■ WHAT THIS TASK INVOLVES
Copy out the data that comes next, character for character, and leave the images aside.

■ DATA SECTION
********************

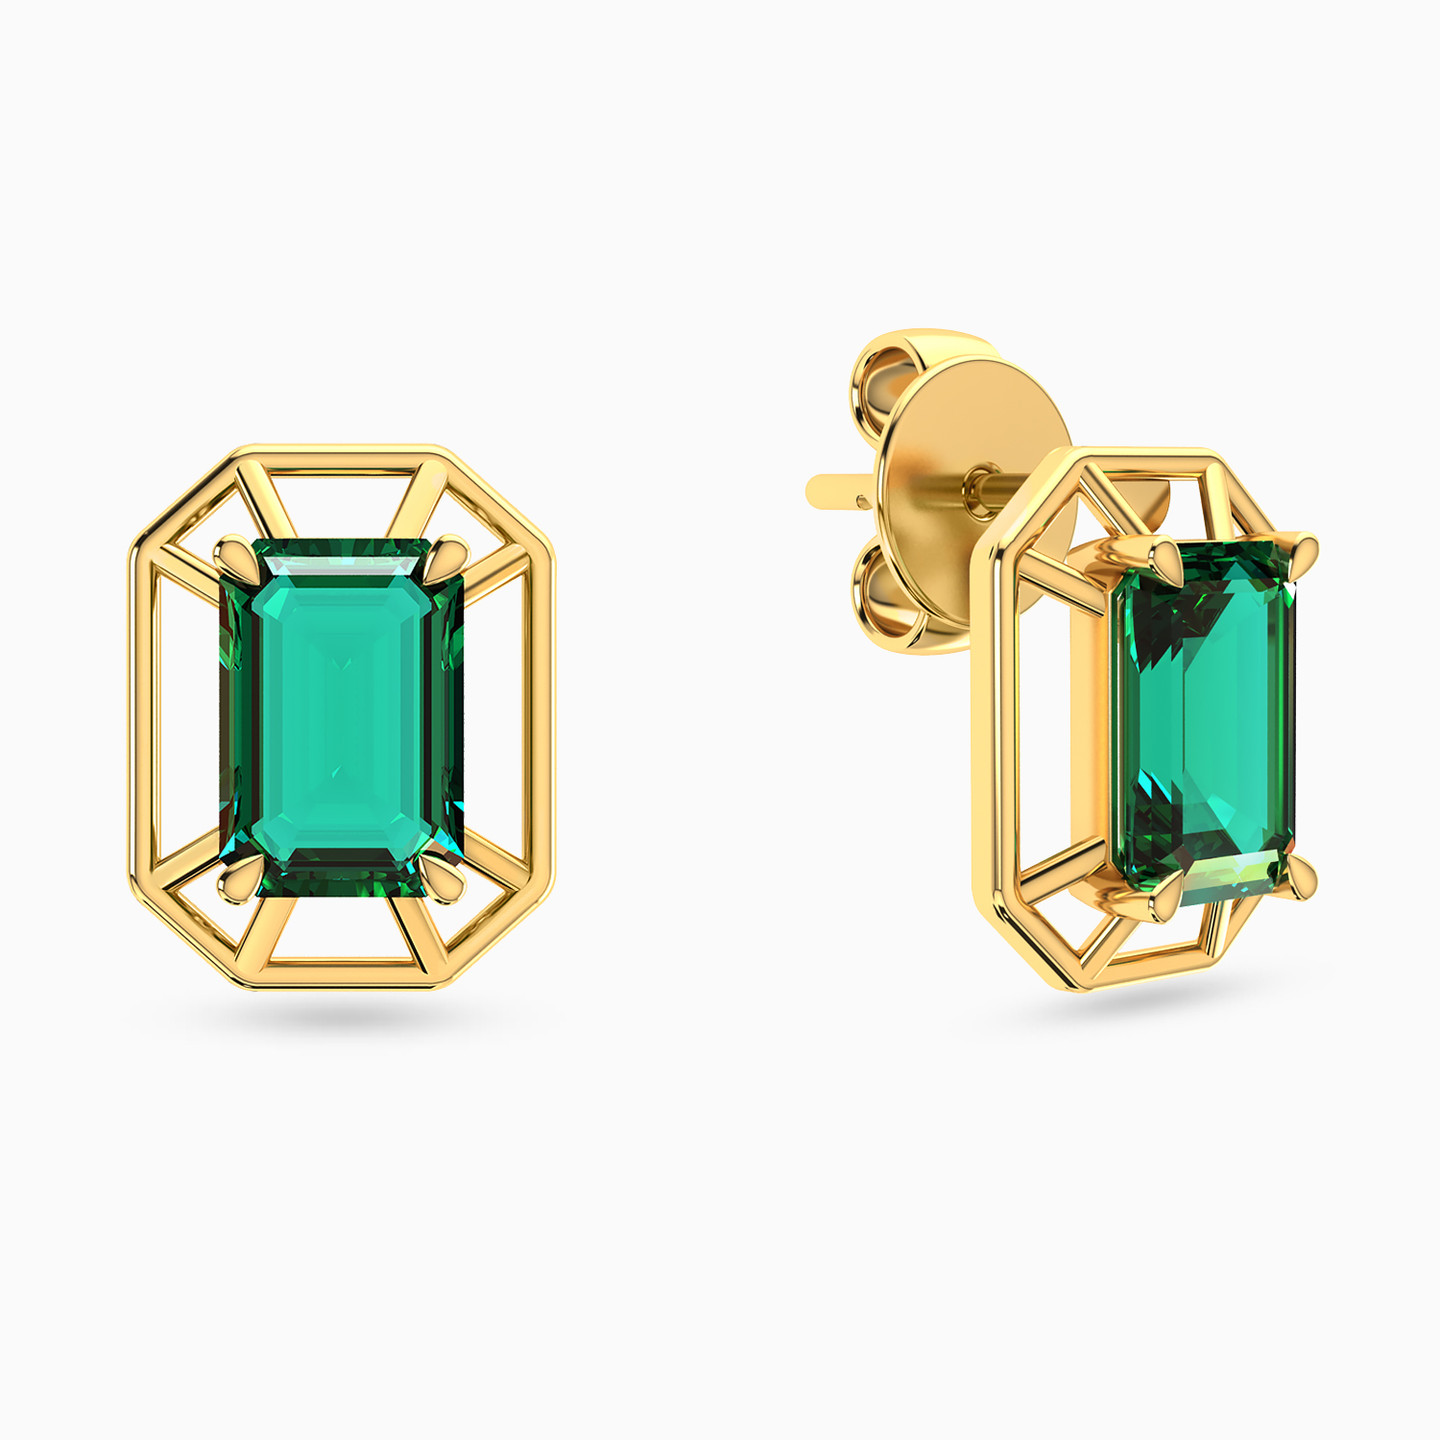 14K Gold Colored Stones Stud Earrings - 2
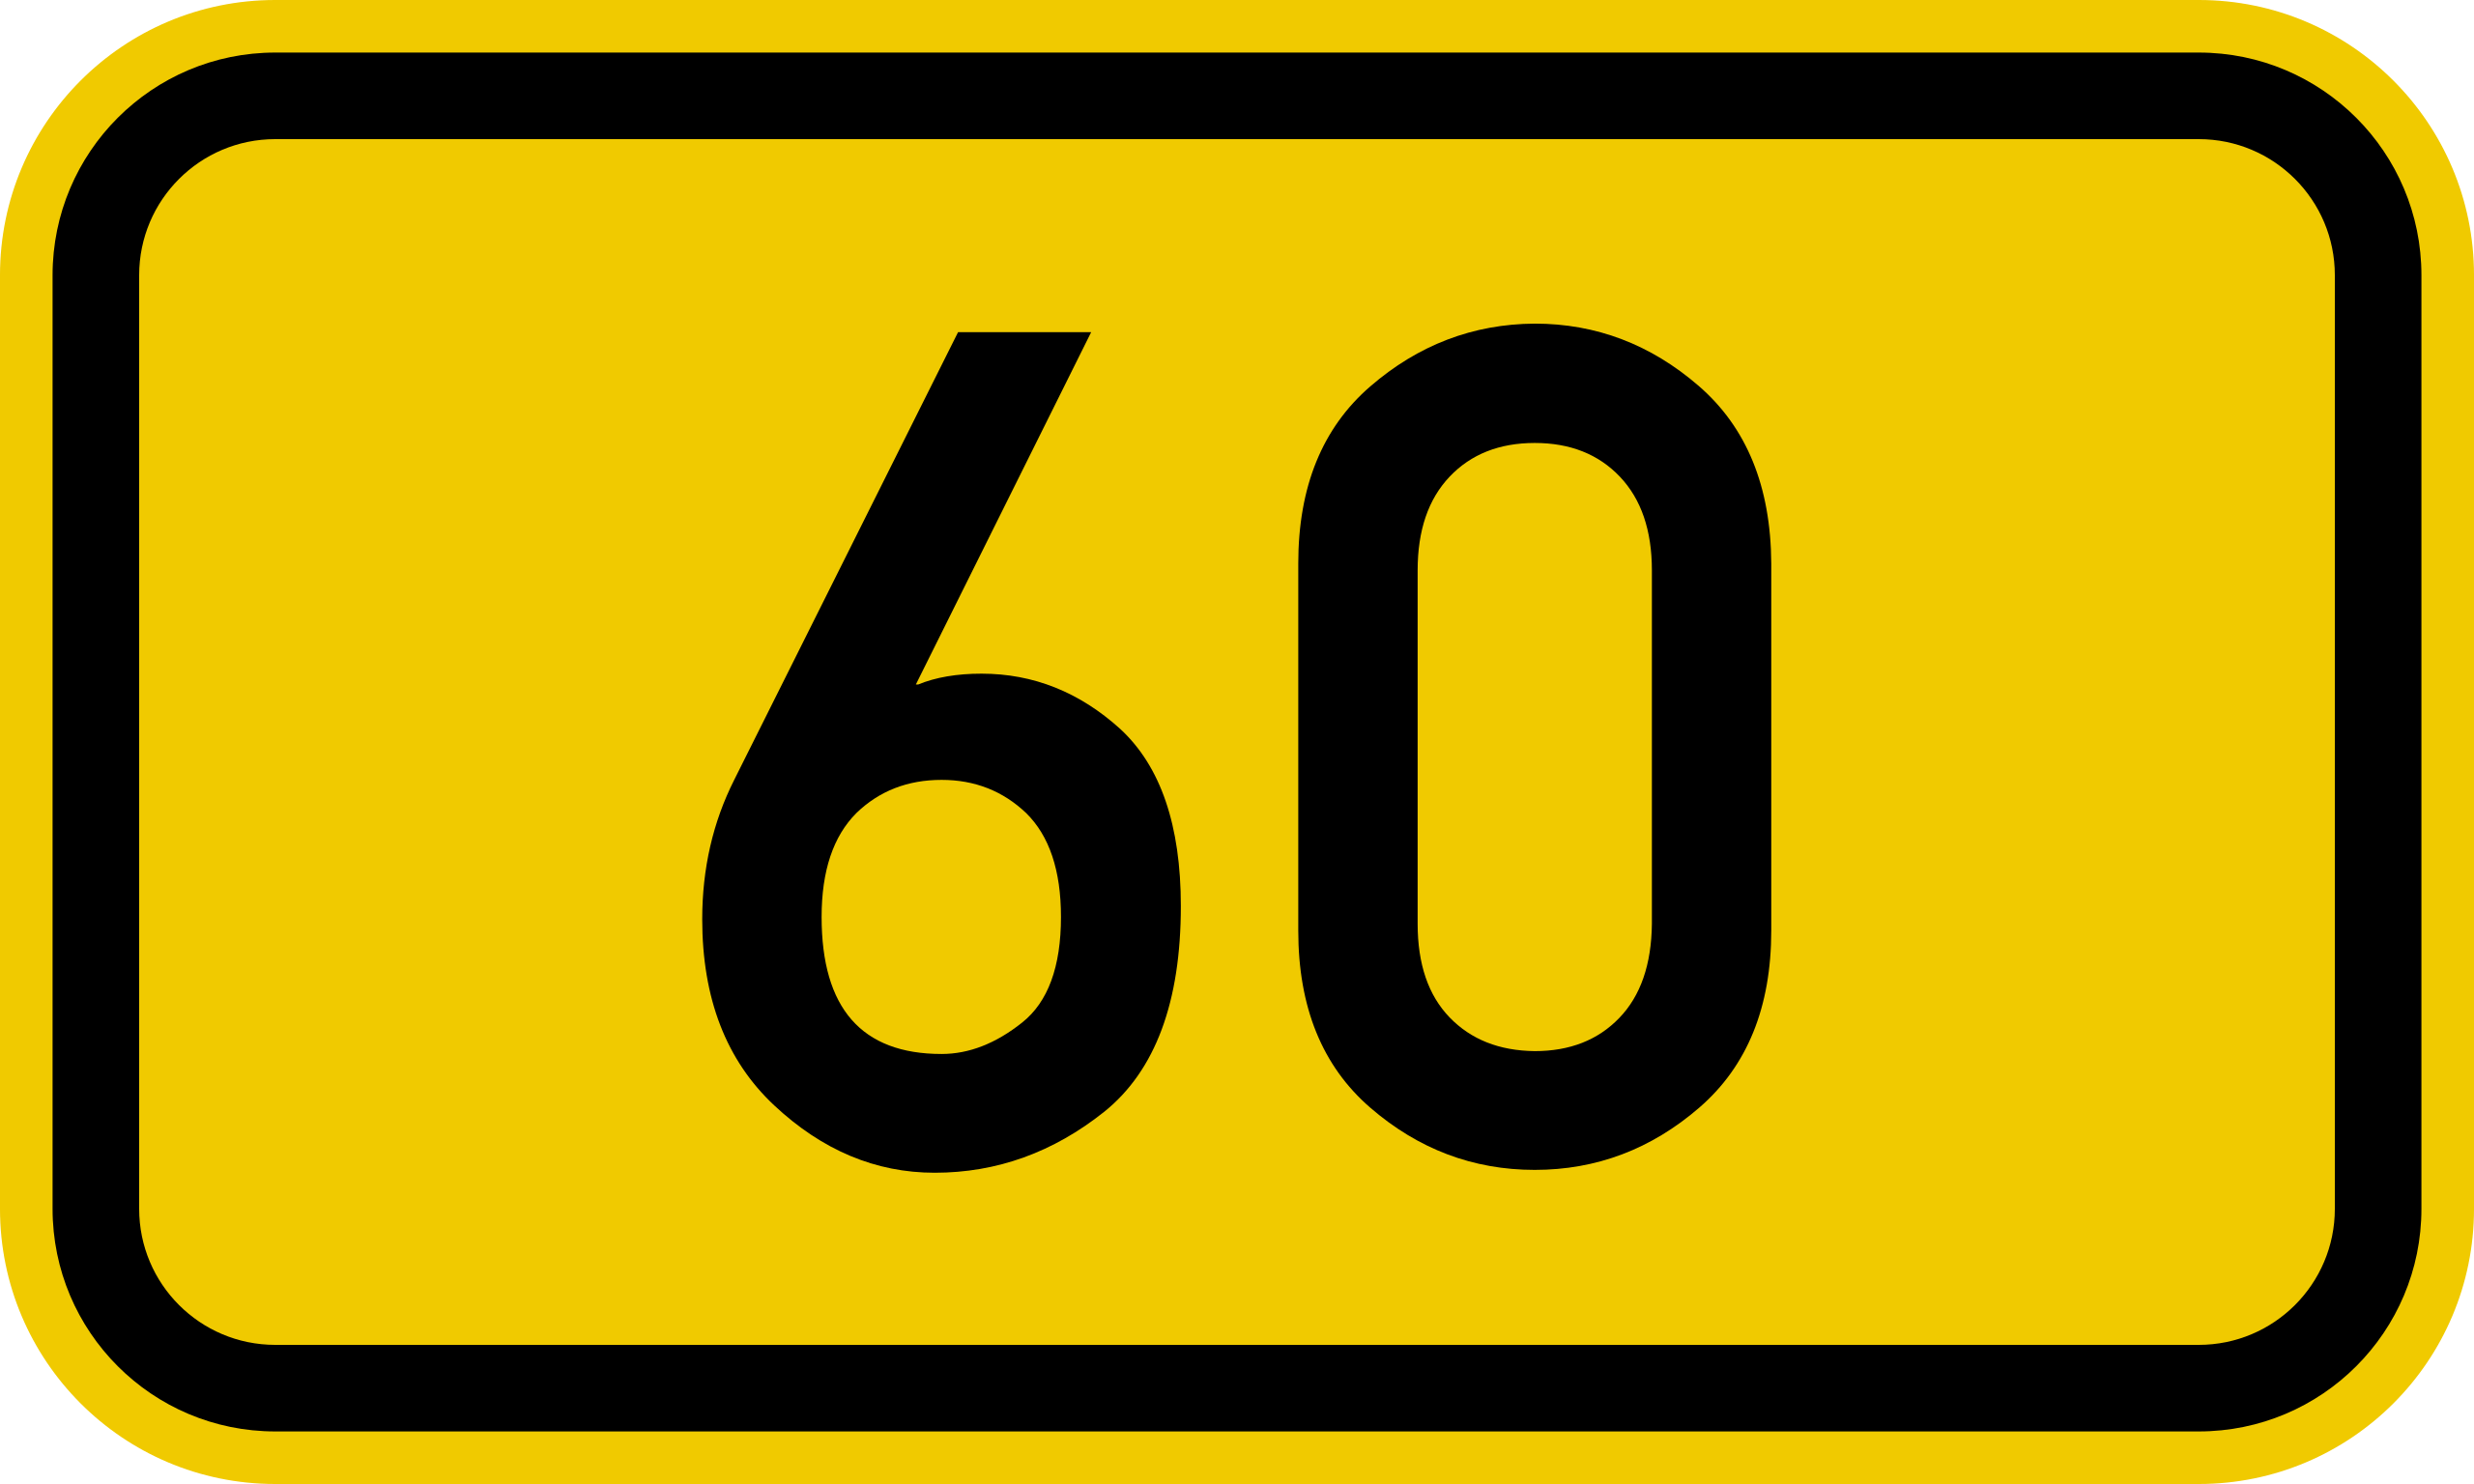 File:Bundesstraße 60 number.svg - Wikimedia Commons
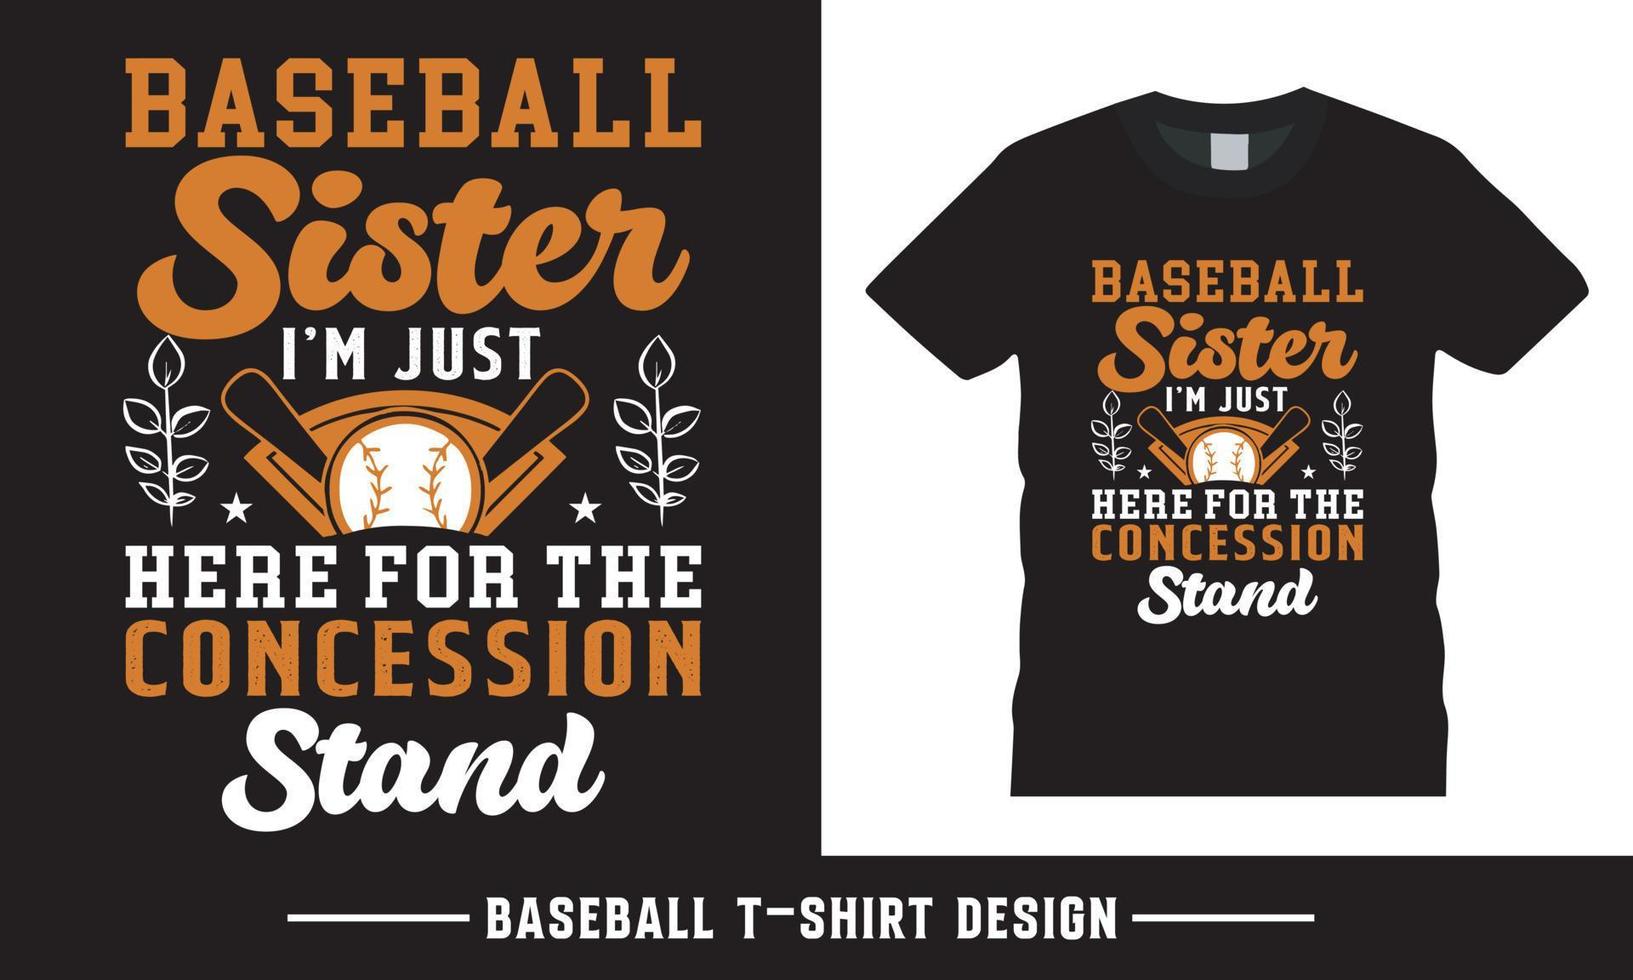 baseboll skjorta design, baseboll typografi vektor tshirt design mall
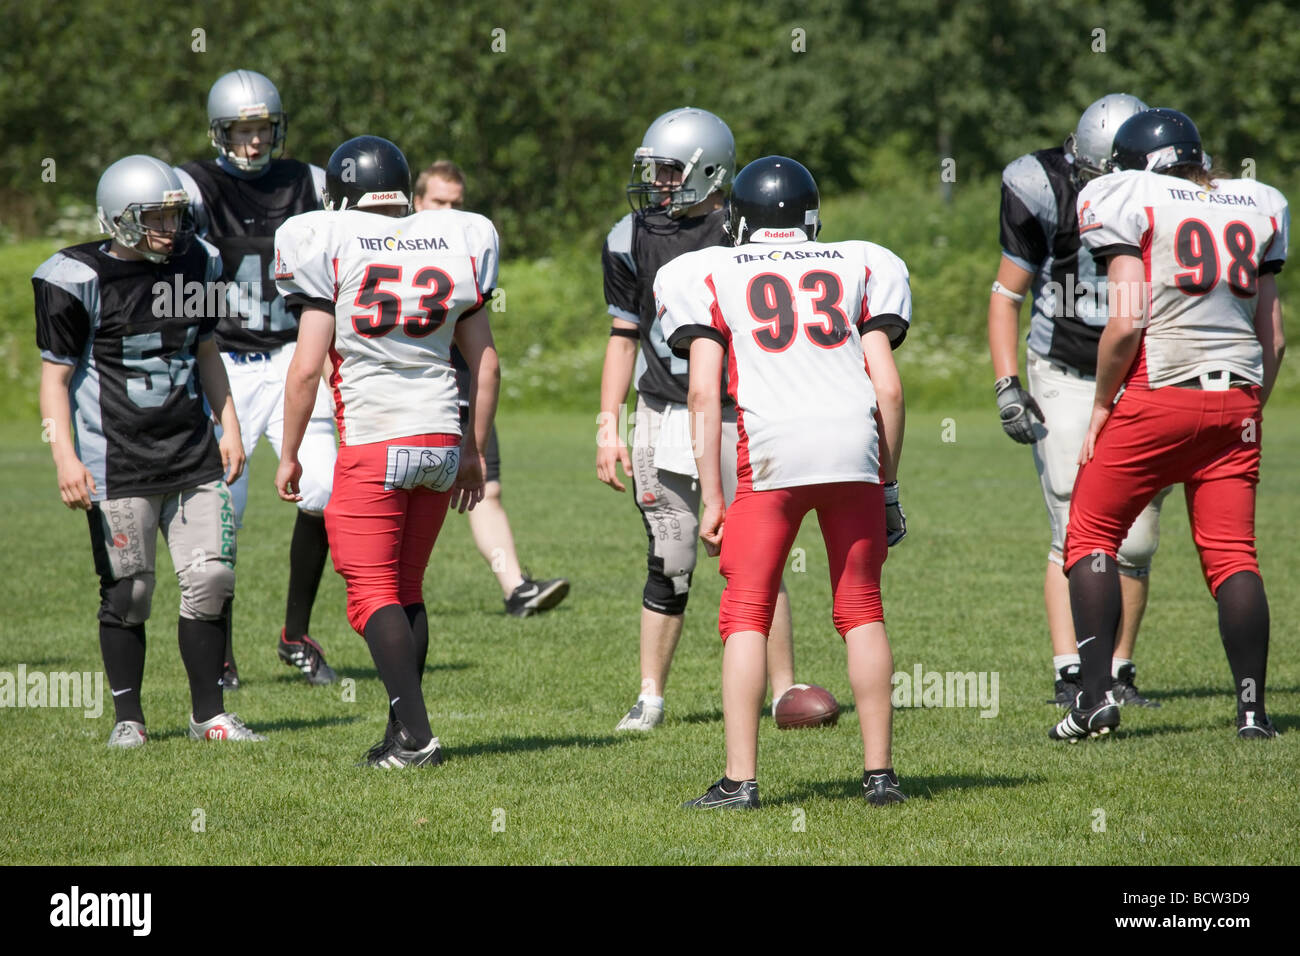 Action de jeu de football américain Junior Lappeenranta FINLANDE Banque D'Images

********************

■ EXERCISE ANSWER
 14K Gold Colored Stones Stud Earrings - 2
 File:Bundesstraße 60 number.svg - Wikimedia Commons
 baseboll skjorta design, baseboll typografi vektor tshirt design mall
 Action de jeu de football américain Junior Lappeenranta FINLANDE Banque D'Images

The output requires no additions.